In a world where war can lead to currency fluctuations and market volatility, Maltese households’ reliance on domestic real estate provides a form of “forced stability.” However, for businesses, this concentration of wealth in property means that liquidity can sometimes be tight. The survey shows that while overall debt is sustainable (debt-to-asset ratio of 13.7%), lower-wealth households are more financially constrained.

The “forced stability” provided by real estate creates specific structural challenges for businesses. The HFCS study reveals that while Maltese households have grown significantly wealthier, this wealth is heavily “trapped” in non-liquid assets. Real assets account for nearly 90% of total household assets. The main residence alone constitutes 61.8% of net wealth. Because such a vast portion of wealth is tied up in property, the “wealth effect” (where people spend more because their assets have increased in value) may be more psychological than liquid. Businesses, particularly in retail and high-end services, must recognise that their customers are “asset-rich but cash-constrained.” In times of global market volatility, consumers may hesitate to spend disposable income, fearing that their primary store of wealth – their home – is not easily accessible for emergency funds. In fact the HFCS study provides a stark metric for the financial constraints mentioned: the Net Liquid Assets-to-Income ratio. For the wealthiest quintile, liquid assets represent 131.6% of their annual income, giving them a massive buffer against shocks. In contrast, for the least wealthy households, this ratio drops to just 25.1%.  This means the bottom 20% of the population has only about three months’ worth of income held in liquid forms. For businesses, this segment is highly vulnerable to “inflationary shocks” caused by war or supply chain disruptions. Any increase in the cost of essential goods will almost immediately translate into a total cessation of discretionary spending for this group.

Moreover while the overall debt-to-asset ratio is low at 13.7%, the income-based indicators tell a more cautionary story for business strategy. The median mortgage debt-to-income ratio for the population is 194.8%. However, for the lowest wealth quintile, this surges to 308.6%. This high leverage among less wealthy households means that even small increases in living costs or a minor downturn in the labour market (which can happen during global unrest) could force these households into “survival mode.” Businesses catering to the middle and lower-wealth segments should prepare for high sensitivity to pricing and an increased demand for credit-based purchasing or instalment plans.

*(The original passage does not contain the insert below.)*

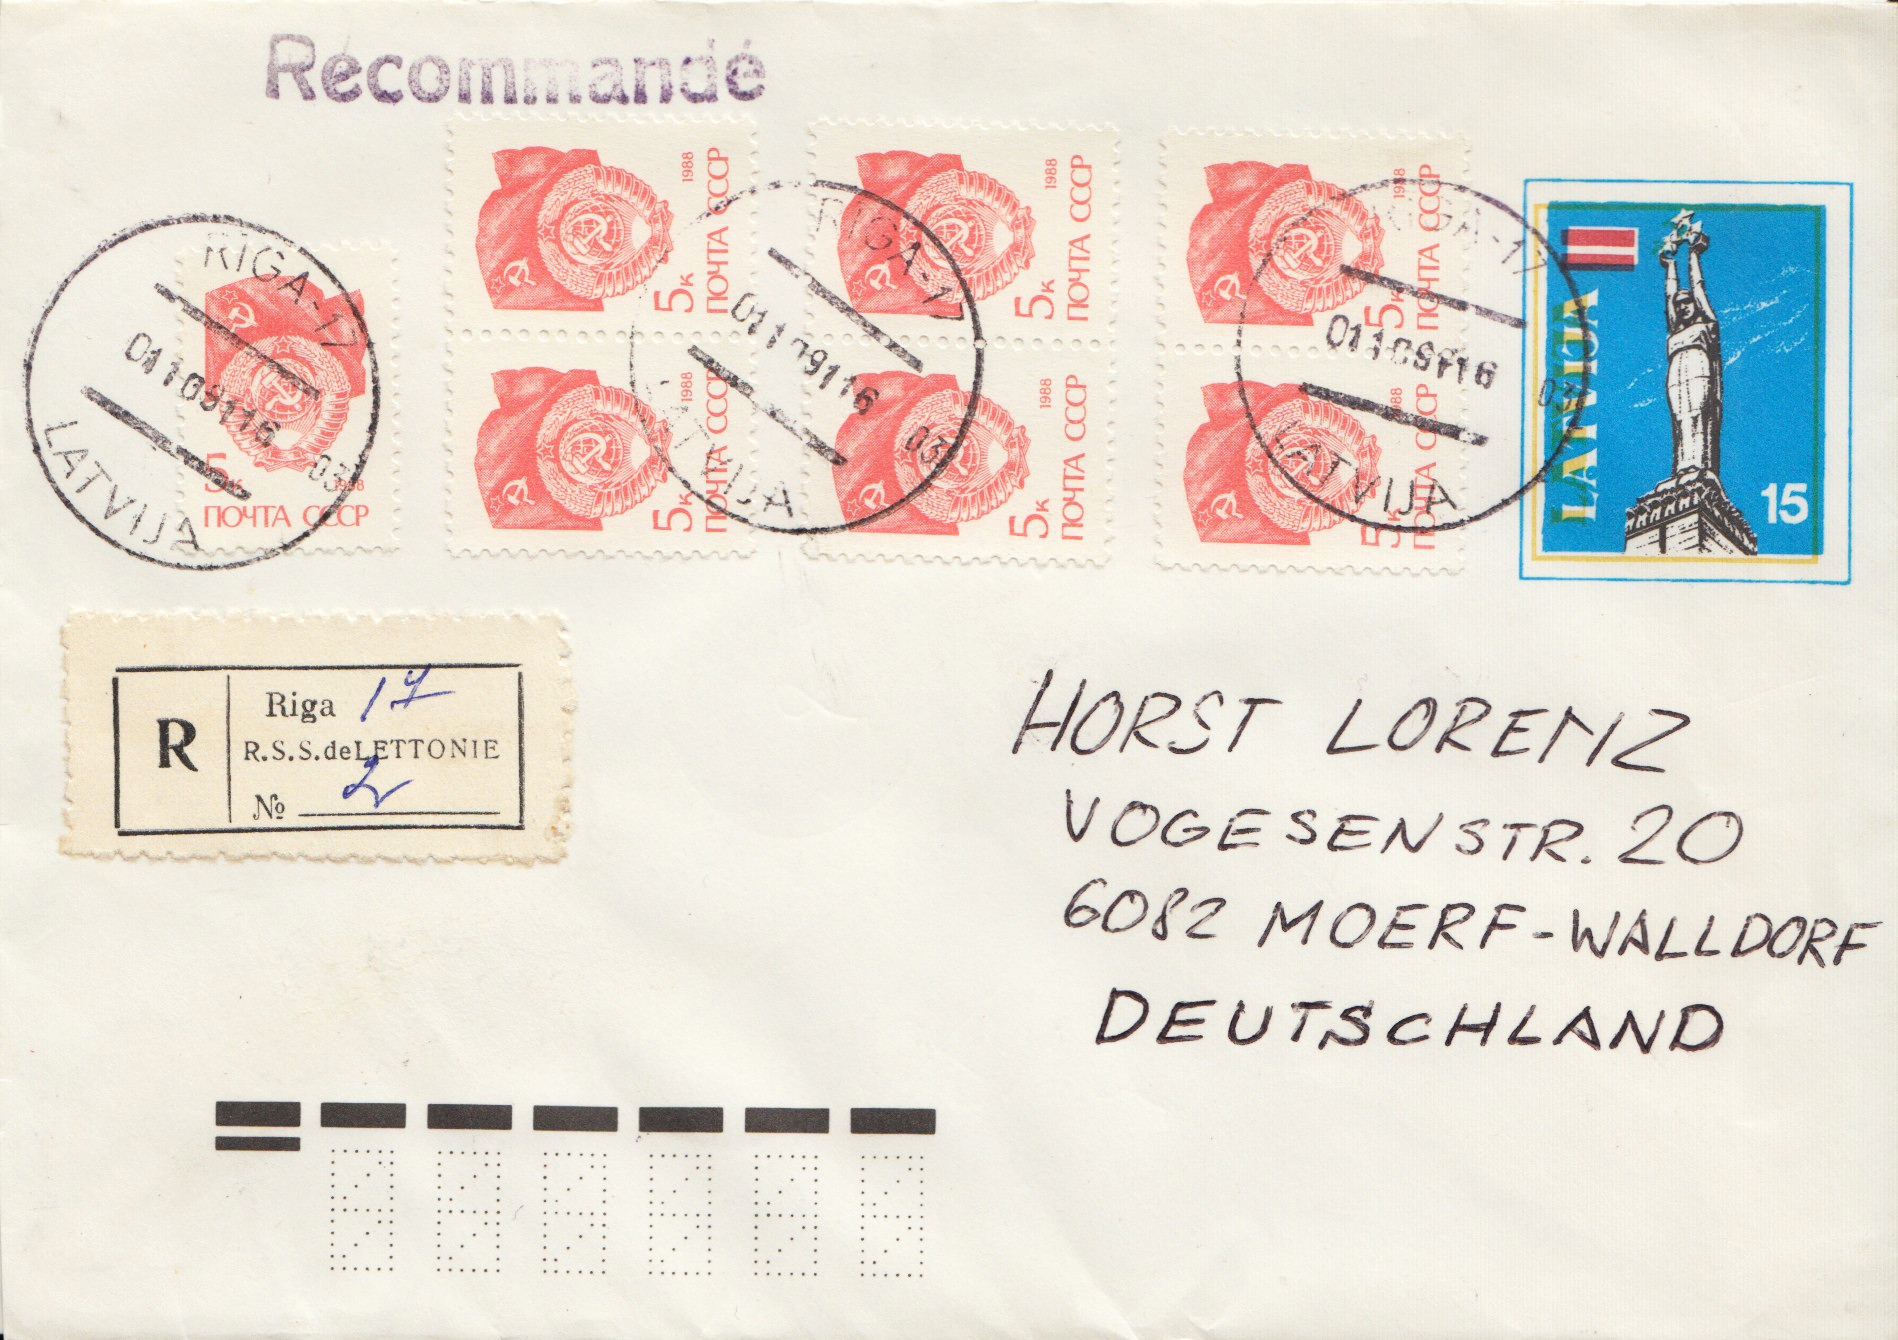 Mixed franking with Latvia postal stationary

The HFCS provides a rare regional breakdown that Maltese businesses should use to optimize their footprint. The Western region and Gozo/Comino emerged as the wealthiest areas, with median asset values exceeding €500,000. Conversely, the Southern Harbour region reports the lowest median wealth, roughly half that of the top regions.

This means that expansion and high-end service offerings should gravitate toward the West and Gozo, where the “wealth effect” of property appreciation is most potent. Retail and essential service businesses may find more volume but lower margins in the southern harbour regions.

Overall, the 2023 HFCS paints a picture of a nation that has used the post-pandemic period to fortify its financial house. Maltese businesses are operating in a landscape where consumers are wealthier and interested in investing in renewable energy. Moreover, there is a rising shift in demographics toward a younger, professional foreign cohort that values services over ownership.

The present Iran war may threaten global supply chains, but the Maltese business that adapts – by leaning into the green transition, catering to the diverse “two-speed” consumer base, and targeting regional wealth – will find itself operating from a position of relative strength. The data shows that the Maltese household is ready to invest in its future; the question is whether Maltese businesses are ready to lead that journey, by being strategically driven and well invested in digitally based efficient processes.